India is a democratic country where freedom of speech and expression is considered a fundamental right, and certain rights of the citizens regarding freedom of speech are protected under Article 19 of the Constitution. However, the freedom of speech under Article 19 is not absolute and can be limited on the grounds of public order, sovereignty and integrity of India, friendly relations with foreign states, decency and morality, defamation, etc. The government can make laws as per these provisions to restrict freedom of speech and expression if it violates these grounds. However, governments sometimes use indirect ways to restrict freedom of speech. These indirect restrictions can be achieved through overbroad and arbitrary laws.

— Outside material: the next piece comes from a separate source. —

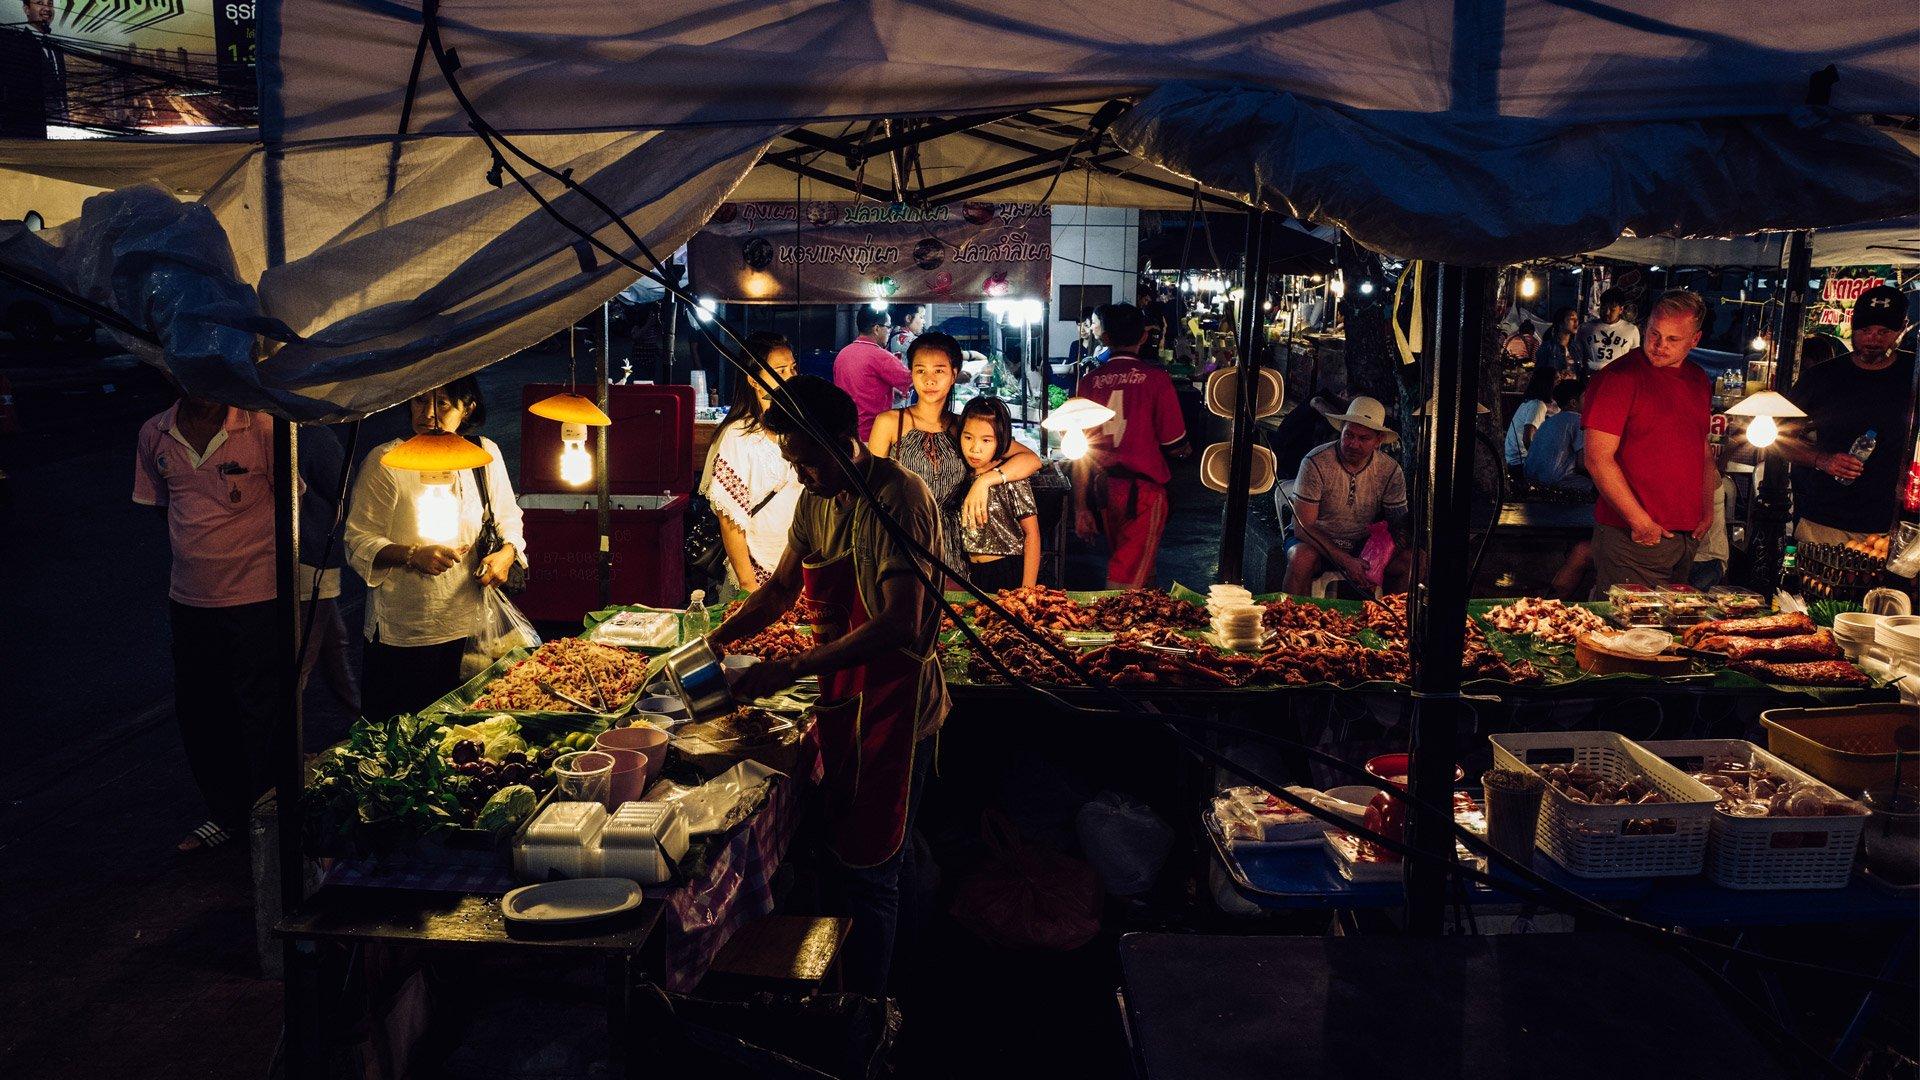 gap-year-travels-street-food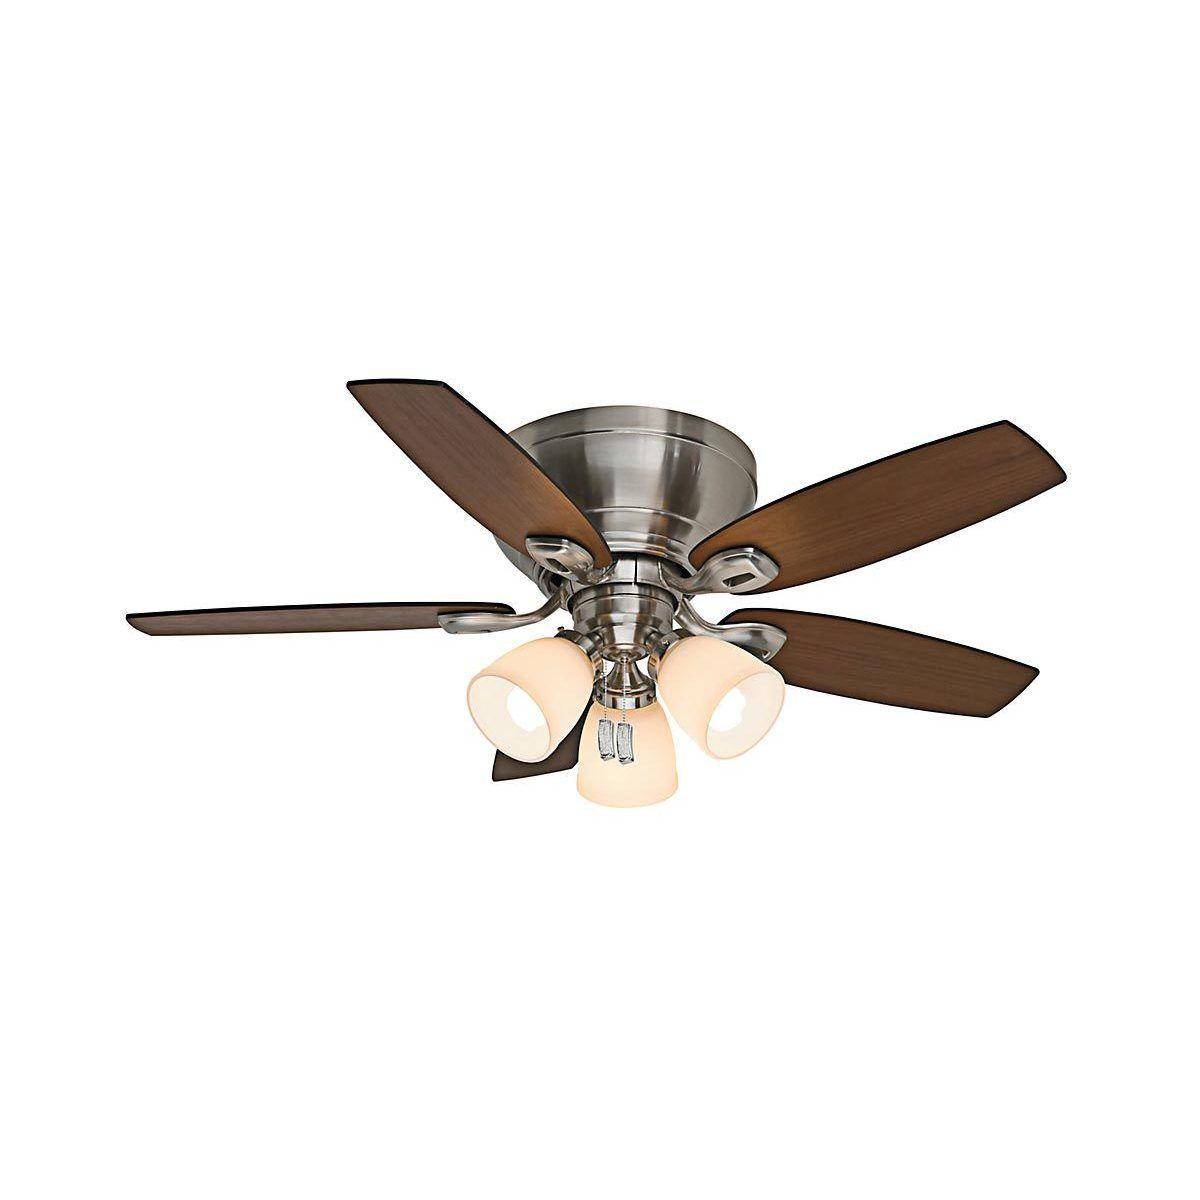 Casablanca 44 Inch Durant Low Profile Brushed Nickel Reversible Blade Ceiling Fan Flush Mount Ceiling Fan Ceiling Fan Brushed Nickel Ceiling Fan

The ban on the ‘BBC Documentary’ compels other people to think twice before producing any article, movie, or documentary criticising the government, ideas, policies or people in power. People will not put any effort into making such content due to the threat of their work being banned and restricted from the general public. This refrainment of a group of people or legal entities expressing their views and exercising their freedom of speech will have a chilling effect on them due to the threat of legal sanction. The chilling effect applies to rules and regulations made by the government which may not have a direct impact on free speech but result in self-censorship. So, the chilling effect is a subset of restriction on free speech through self-censorship. People will be chilled and will not express their views freely. Any rule made by the government related to the restriction on free speech will overshadow other people’s will to exercise their freedom of speech on further such issues. So, the doctrine of chilling effect is an indirect way through which the government curbs the freedom of speech of a person. The person chills himself and restricts himself from speaking on a particular issue due to the threat of legal sanction.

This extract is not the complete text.